Seja… mas falta provar a proposta concernente ao magistério, diante dos textos[20] perfeitamente explícitos e claros citados pelo Padre Ricossa. O Padre Calderón poderia particularmente esquivar que ele reconhece expressamente a doutrina católica:

“Ao aceitar ‘o que’ é ensinado, é preciso considerar não apenas as sentenças pronunciadas, mas também o grau de credibilidade que a própria autoridade lhes reconhece (…).”[21]

E, de forma geral:

“O magistério da Igreja é por definição um magistério público, ou seja, assistido pelo Espírito Santo em sua manifestação externa: o que importa, não é o que o Papa sinta ou pense em foro íntimo, é o que ele expressa de maneira sensível ao público. Ora, se há um aspecto de todo ato de ensino que deve sempre ser suficientemente explicitado, é bem o grau de intenção magisterial, porque o discípulo, como tal, deixa-se guiar pela fé na autoridade do mestre, e não pela verossimilhança de argumentos que não está em condição de julgar – o que seria a atitude do que pesquisa por si mesmo. Quando esse grau não é expresso por palavras, ele é suficientemente explicitado pelas circunstâncias igualmente externas e visíveis.”[22]

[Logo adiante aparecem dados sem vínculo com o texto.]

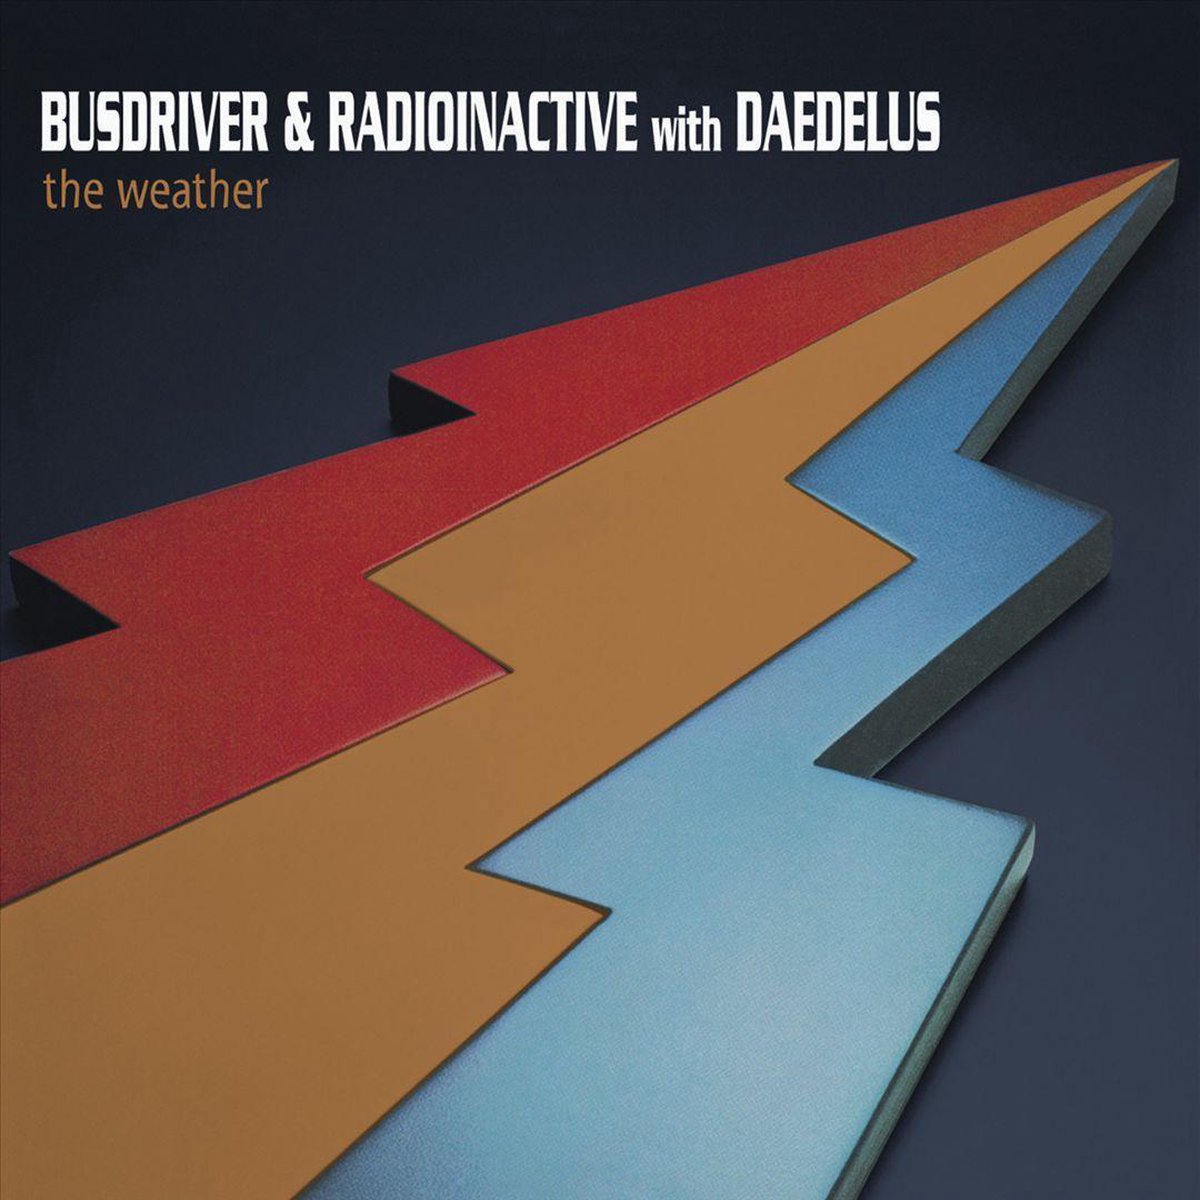 Weather - Busdriver & Radioinactive with Daedelus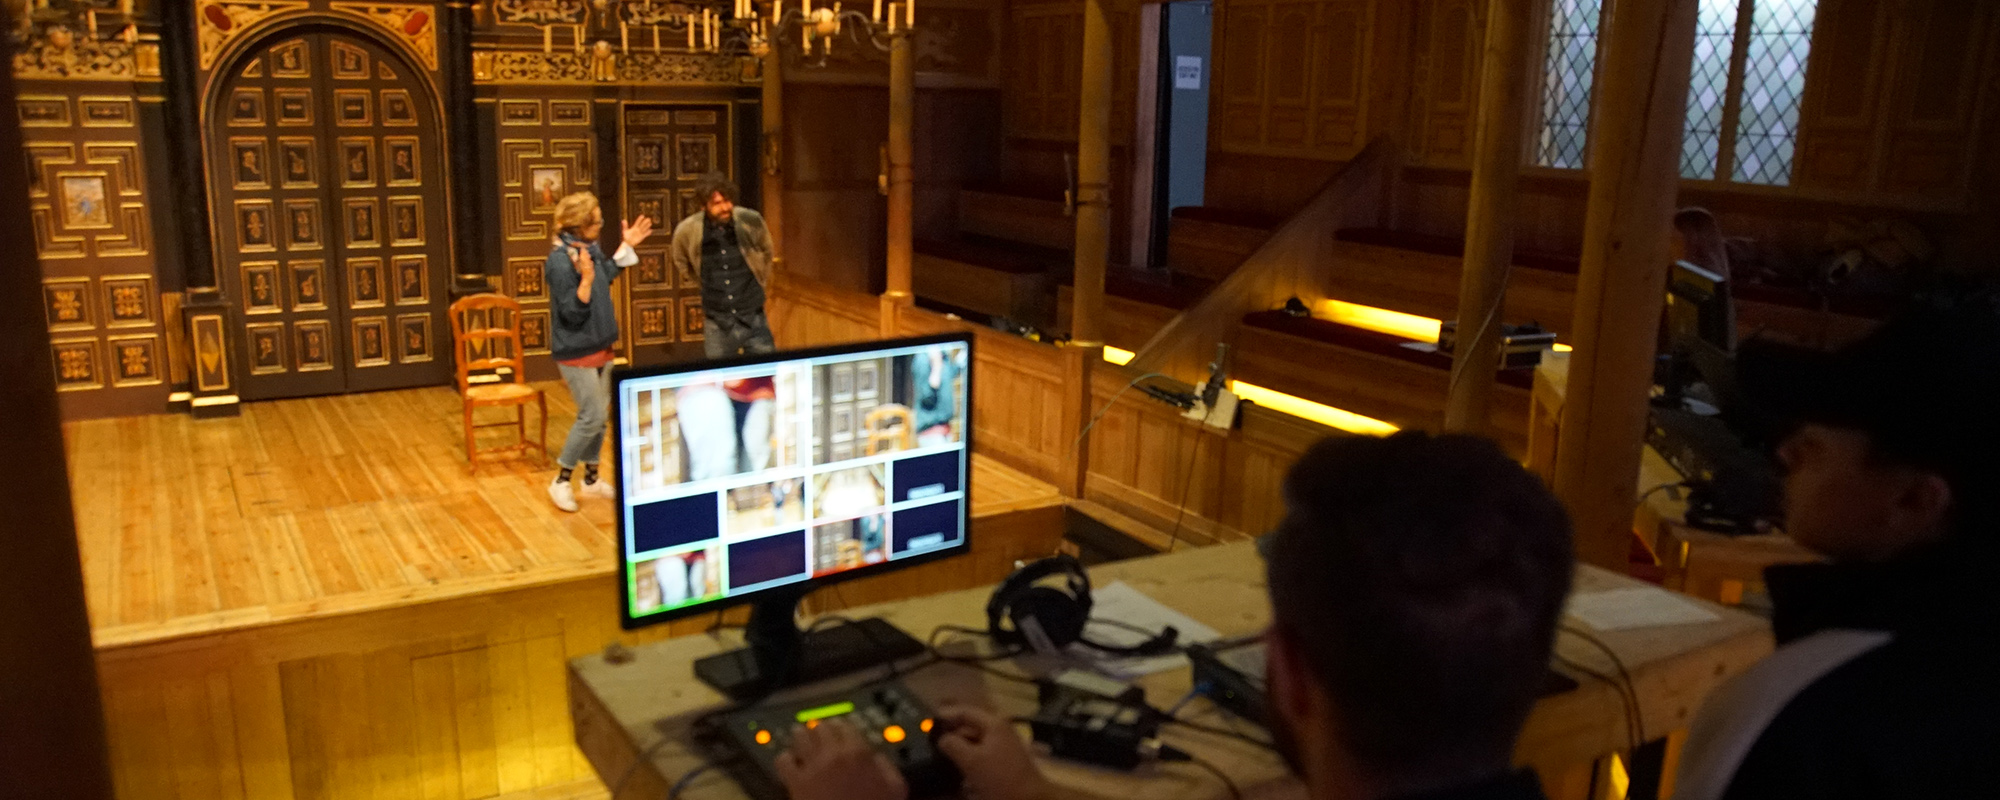 An image of the Sam Wanamaker PLayhouse with two actors rehearsing on the stage and a monitor showing different camera angles

Ora, longe de responder, o Padre Calderón reafirma com mais força o fato (pretensa notoriedade da renúncia do Papa e dos bispos à sua autoridade), e depois desenvolve considerações pessoais sobre os eventos conciliares, interpretados à sua maneira, considerações não podem em nada anular o fato de que o próprio Concílio, e os Papas posteriores afirmaram a autoridade doutrinal do Vaticano II.

Aqui, a objeção do Padre Ricossa tem plena base, a resposta do Abade Calderón perde força, e sua tese permanece afirmação gratuita e contrária aos fatos.

A título de exemplo, eis o texto da promulgação ao fim da declaração sobre a liberdade religiosa:

“Todo o conjunto e cada um dos pontos foram lançados nessa declaração agradaram aos Padres do Concílio. E Nós, em virtude do poder apostólico que temos do Cristo, em união com os veneráveis Padres, Nós os aprovamos, fixamos e decretamos no Espírito Santo, e Nós ordenamos que o que foi assim estabelecido em Concílio seja promulgado para a glória de Deus.”[23]

Da mesma forma em sua Alocução de 12 de janeiro de 1966, Paulo VI, fazendo referência às notificações de 6 de março e de 16 de novembro de 1964, afirmava:

“(…) sendo dado o caráter pastoral do Concílio, ele evitou pronunciar de uma maneira extraordinária dogmas comportando a nota de infalibilidade, mas ele muniu seus ensinamentos da autoridade do magistério ordinário supremo: esse magistério ordinário e manifestamente autêntico deve ser acolhido docilmente e sinceramente por todos os fiéis, segundo o espírito do Concílio concernente à natureza e aos objetivos de cada documento.”

Essa primeira via, longe de estabelecer a tese do Padre Calderón, retorna-se então manifestamente contra ele. A segunda será mais propícia?

 

2.    Segunda via do Abade Calderón

A segunda via é, de certa forma, um reforço da precedente, na medida em que repete (“usque ad nauseam”) que “os pastores renunciaram na prática a exercer de maneira imperativa seu magistério doutrinal”[24].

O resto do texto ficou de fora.